Exercise: Take the lines below from the one with "Iskra Lawrence Sexy" through the one with "These $11 Jeans" and retype them exactly. Include nothing else, and no pictures.
-- Entries shown follows --
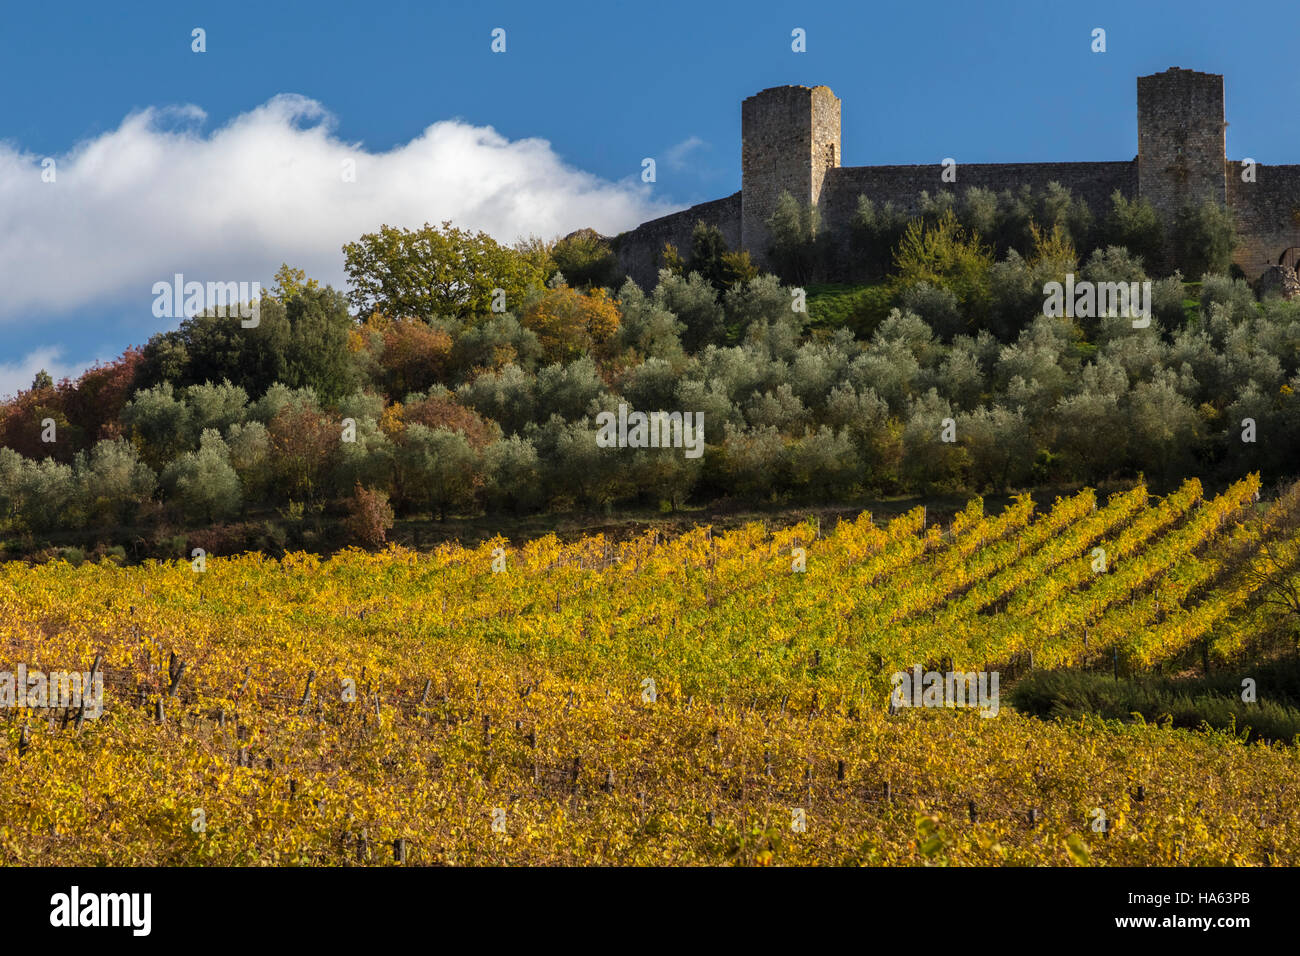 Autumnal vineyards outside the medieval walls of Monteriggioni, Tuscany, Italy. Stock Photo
-- Entries shown concluded --
-- Entries shown follows --
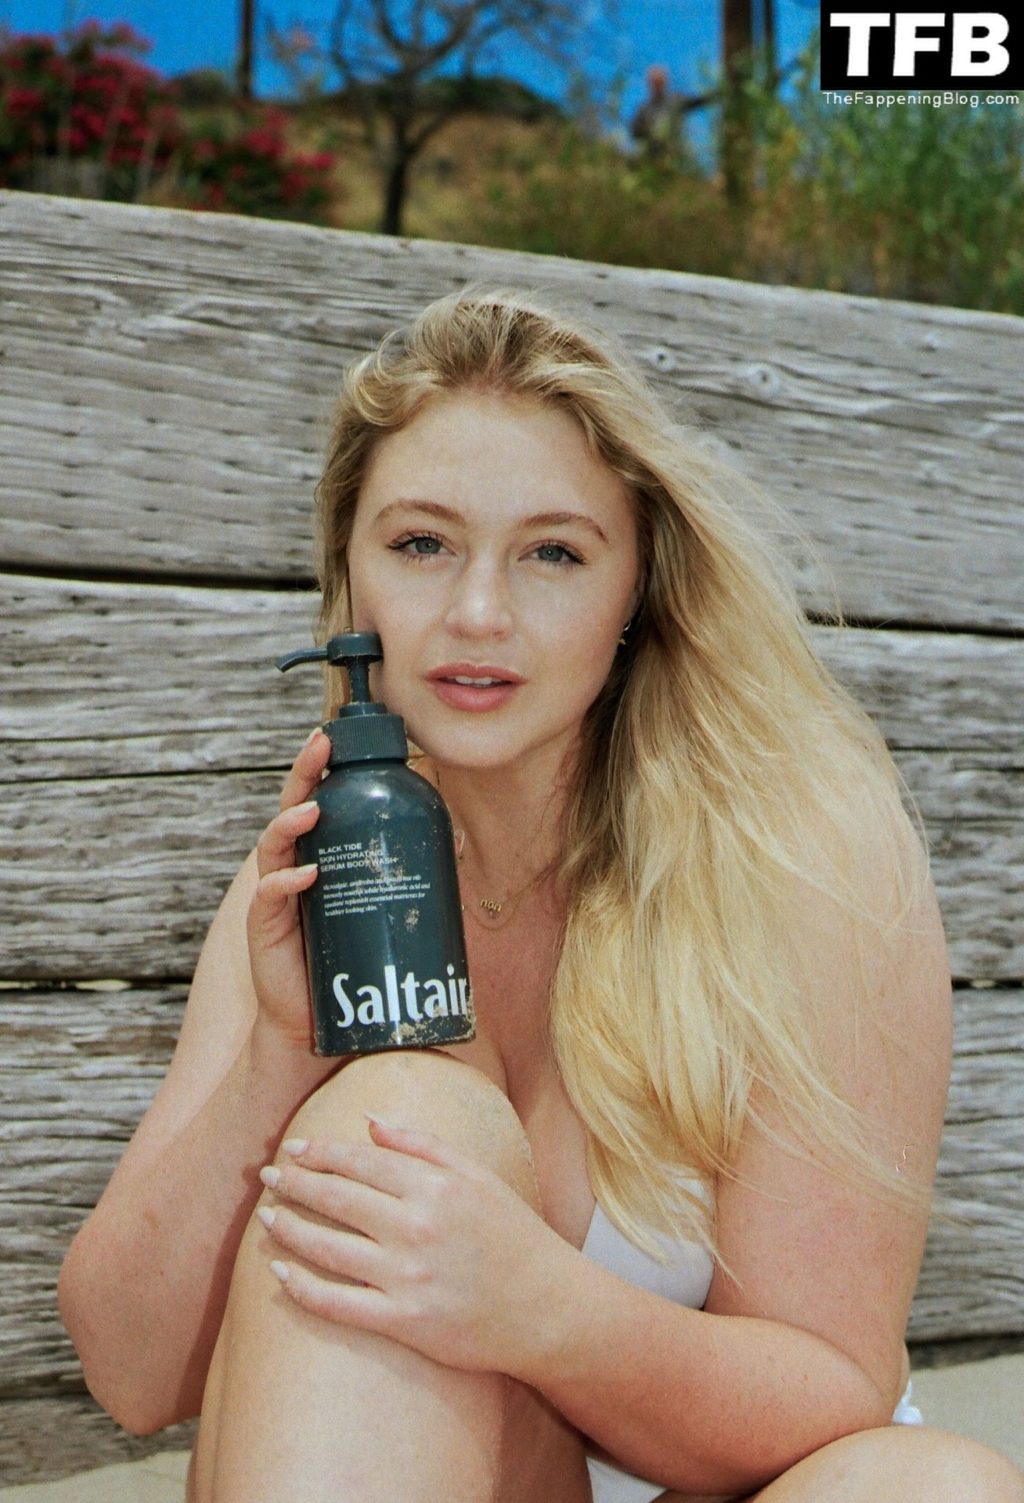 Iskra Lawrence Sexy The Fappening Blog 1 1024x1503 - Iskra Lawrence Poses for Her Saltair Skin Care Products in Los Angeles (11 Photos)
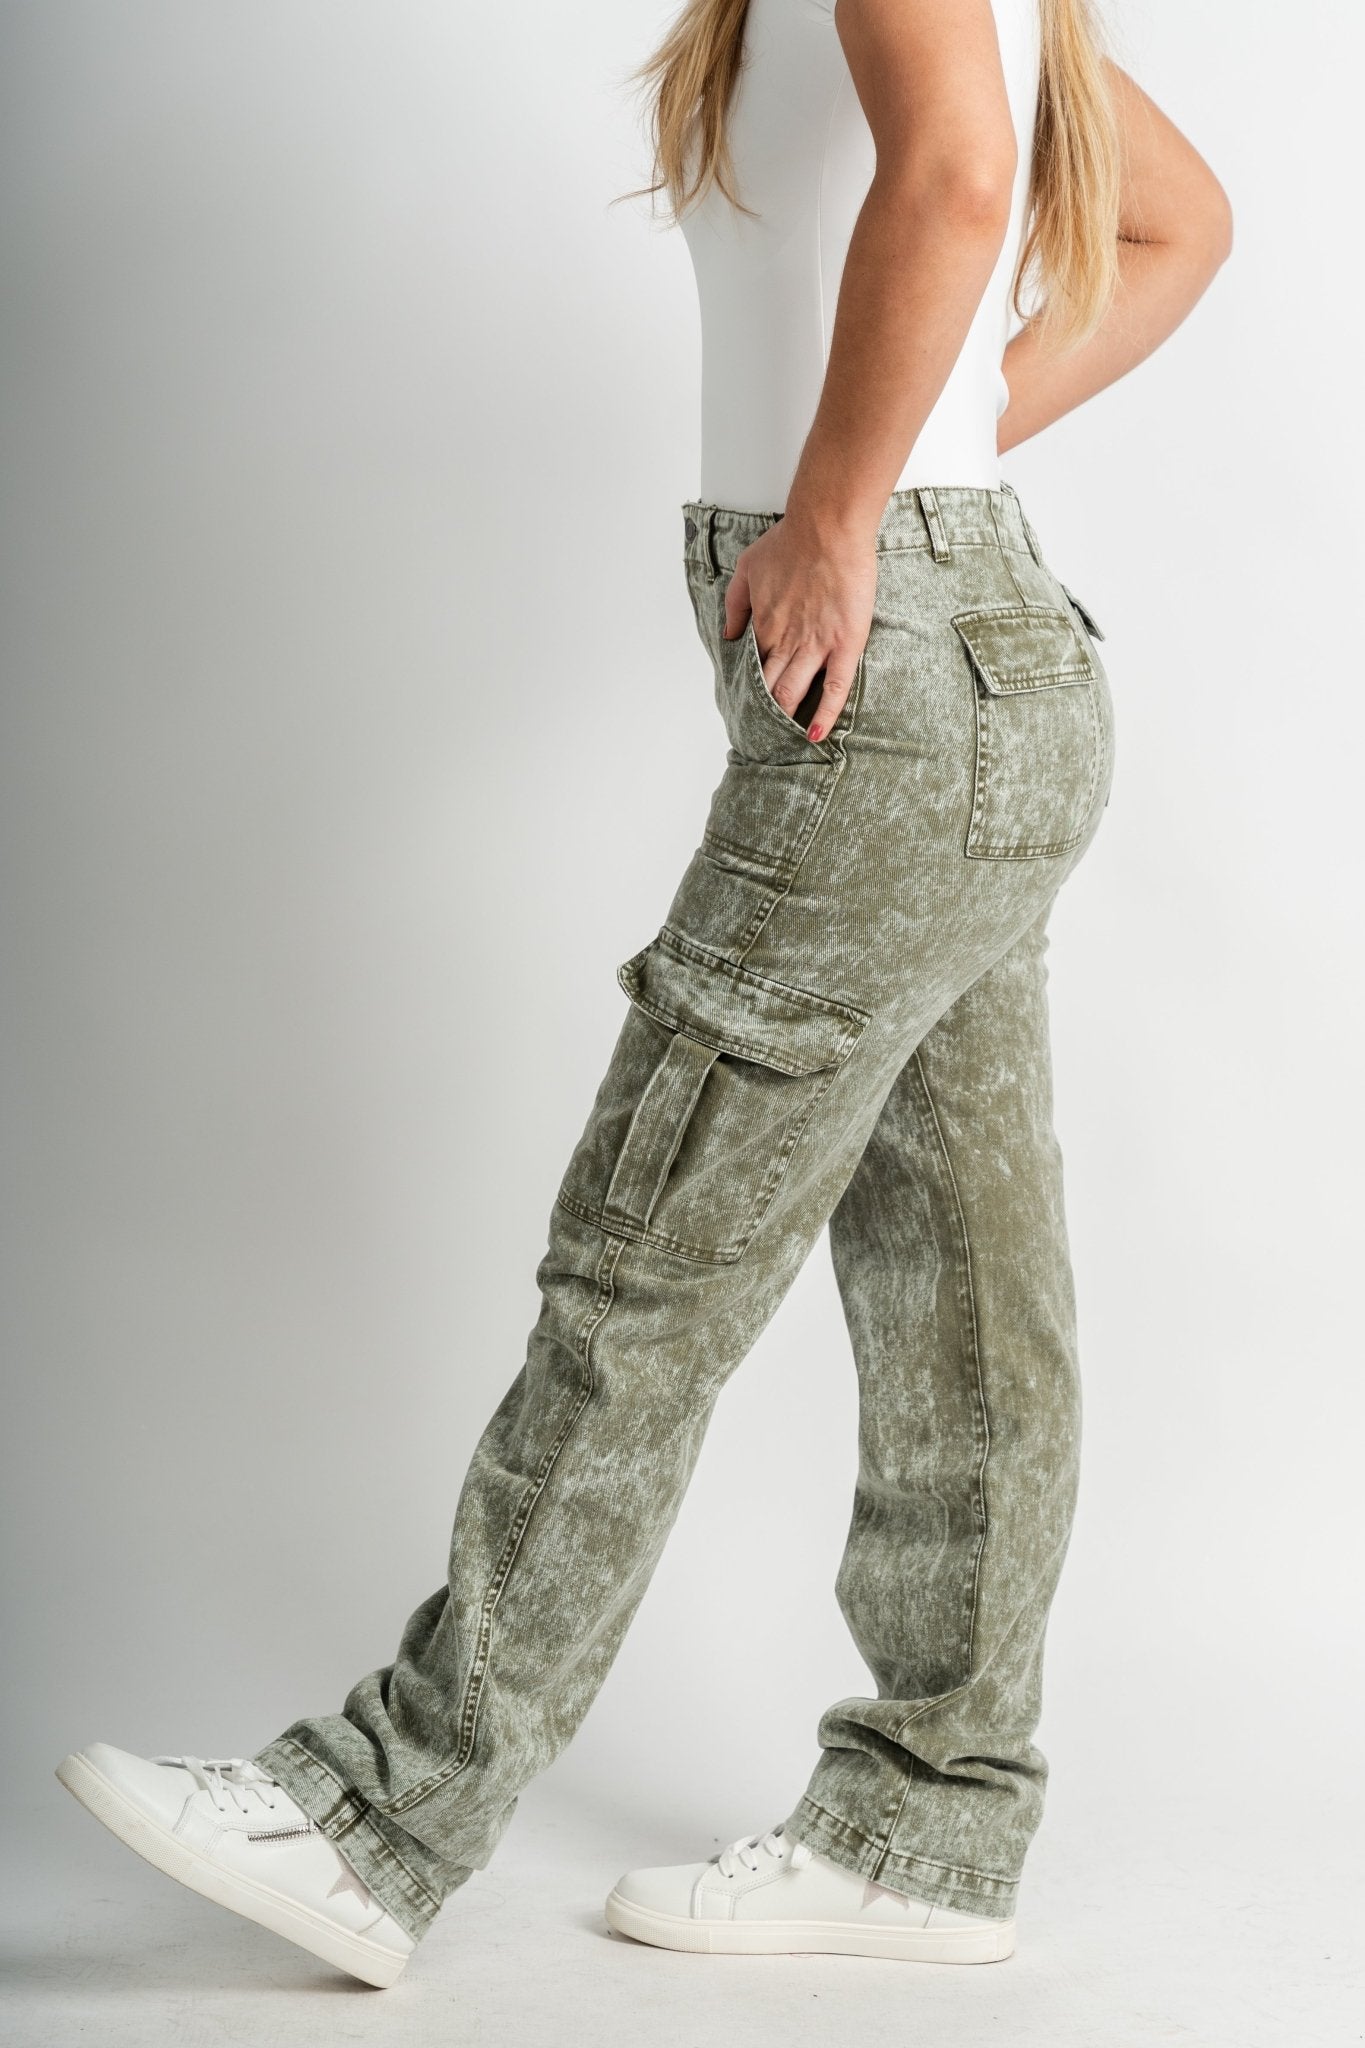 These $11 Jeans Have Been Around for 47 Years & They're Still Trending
-- Entries shown concluded --
Final answer:
 Iskra Lawrence Sexy The Fappening Blog 1 1024x1503 - Iskra Lawrence Poses for Her Saltair Skin Care Products in Los Angeles (11 Photos)
 These $11 Jeans Have Been Around for 47 Years & They're Still Trending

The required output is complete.